__TASK DIRECTIONS__: All of the listing should be returned as written, apart from any picture in it.

__RAW DATA__:
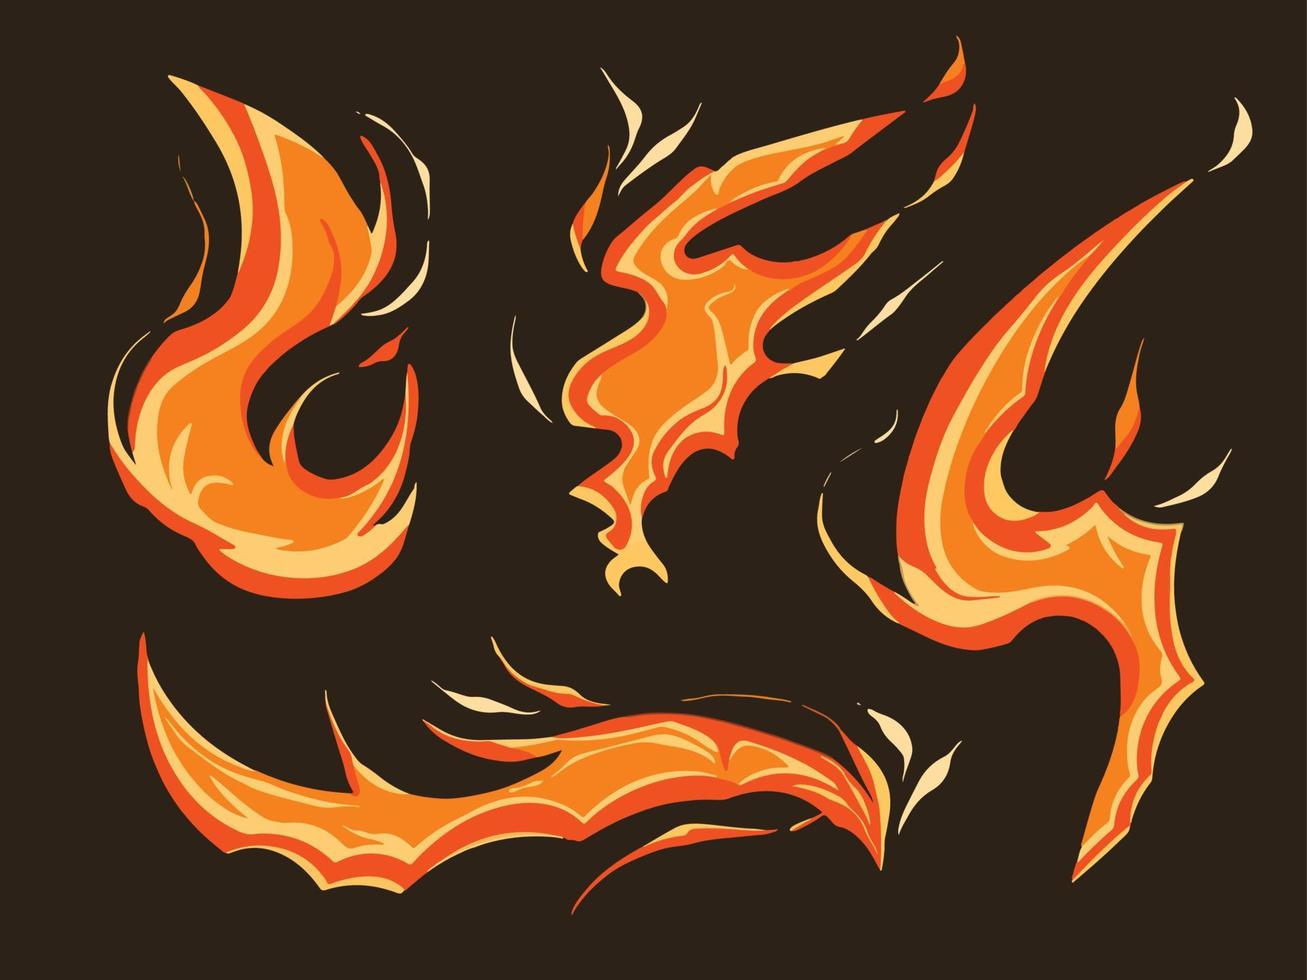 conjunto de colección de llamas de fuego ardiendo ilustración de vector de decoración de elementos de recursos gráficos calientes. decoración de estilo de arte plano de dibujos animados de elemento caliente natural
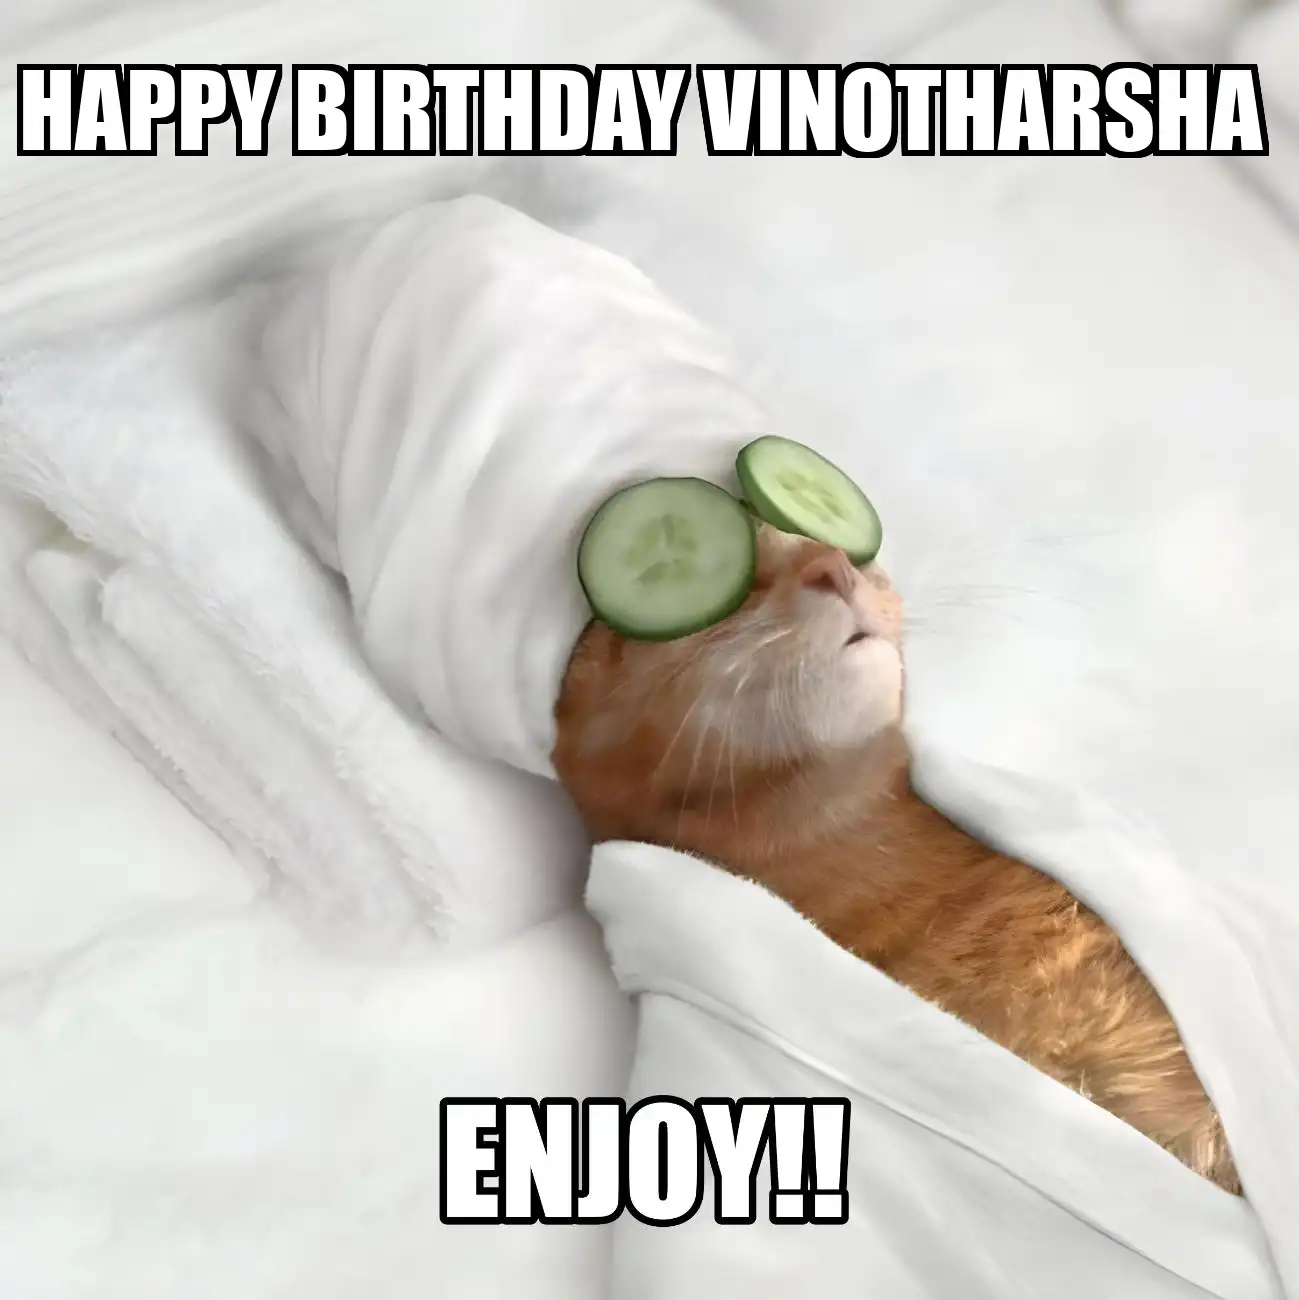 Happy Birthday Vinotharsha Enjoy Cat Meme
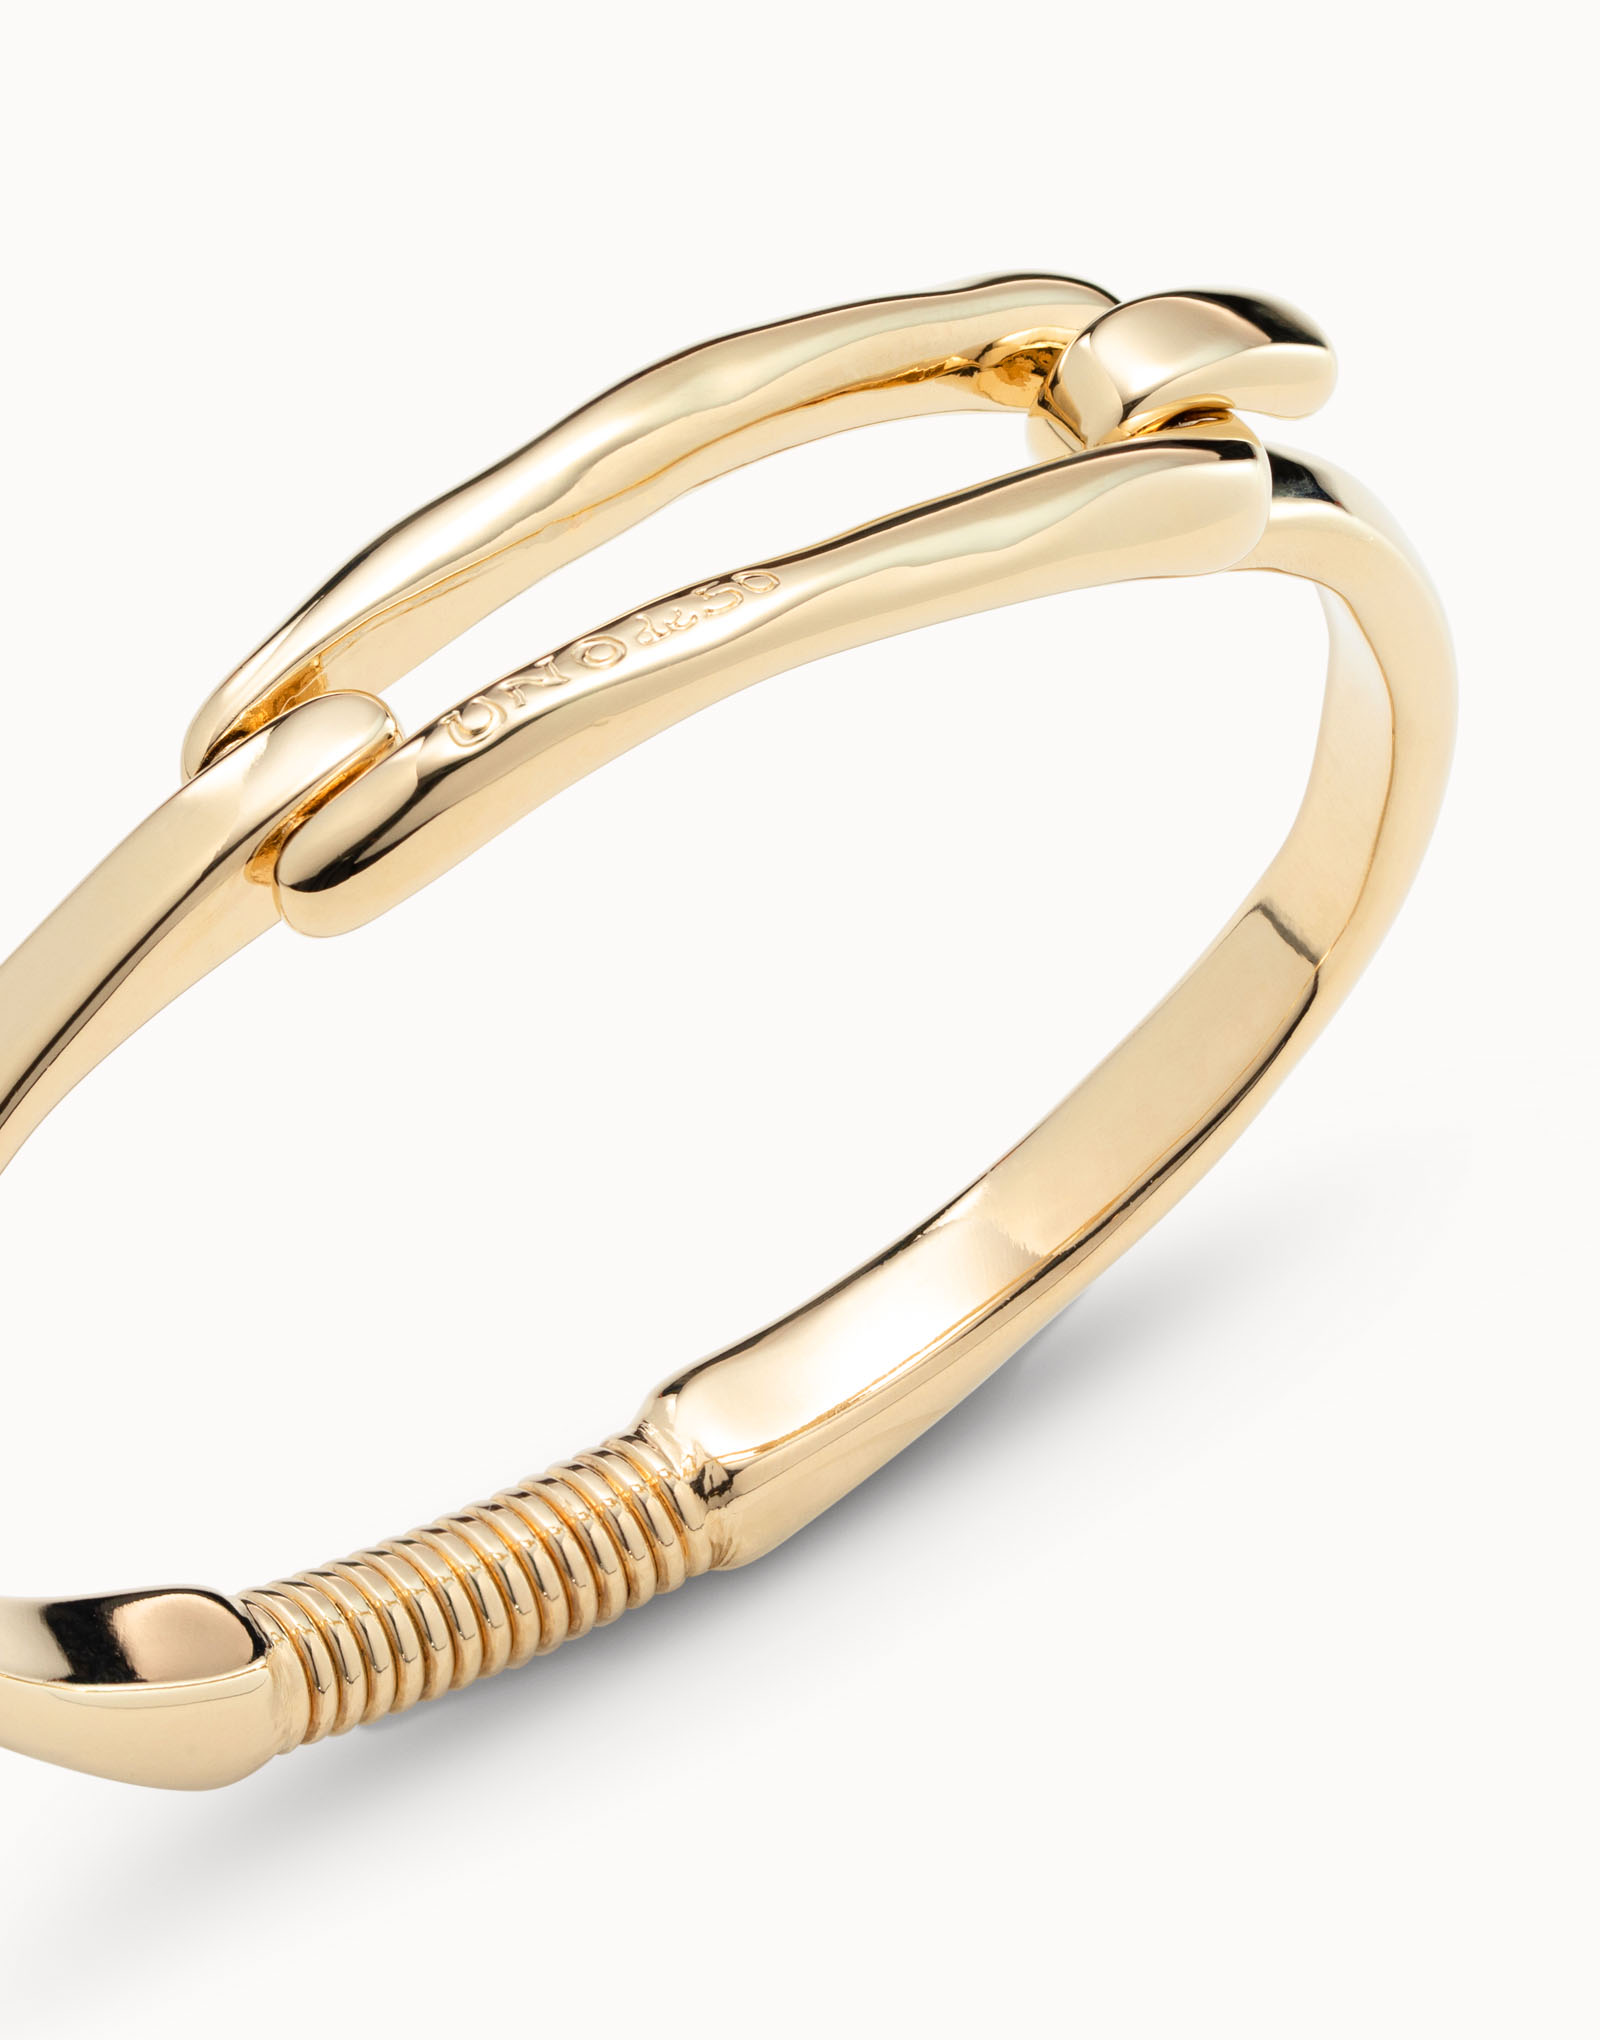 18K gold-plated buckle bracelet, Golden, large image number null

__ANSWER FOR THIS EXERCISE__:
 conjunto de colección de llamas de fuego ardiendo ilustración de vector de decoración de elementos de recursos gráficos calientes. decoración de estilo de arte plano de dibujos animados de elemento caliente natural
 Happy Birthday Vinotharsha Enjoy Cat Meme
 18K gold-plated buckle bracelet, Golden, large image number null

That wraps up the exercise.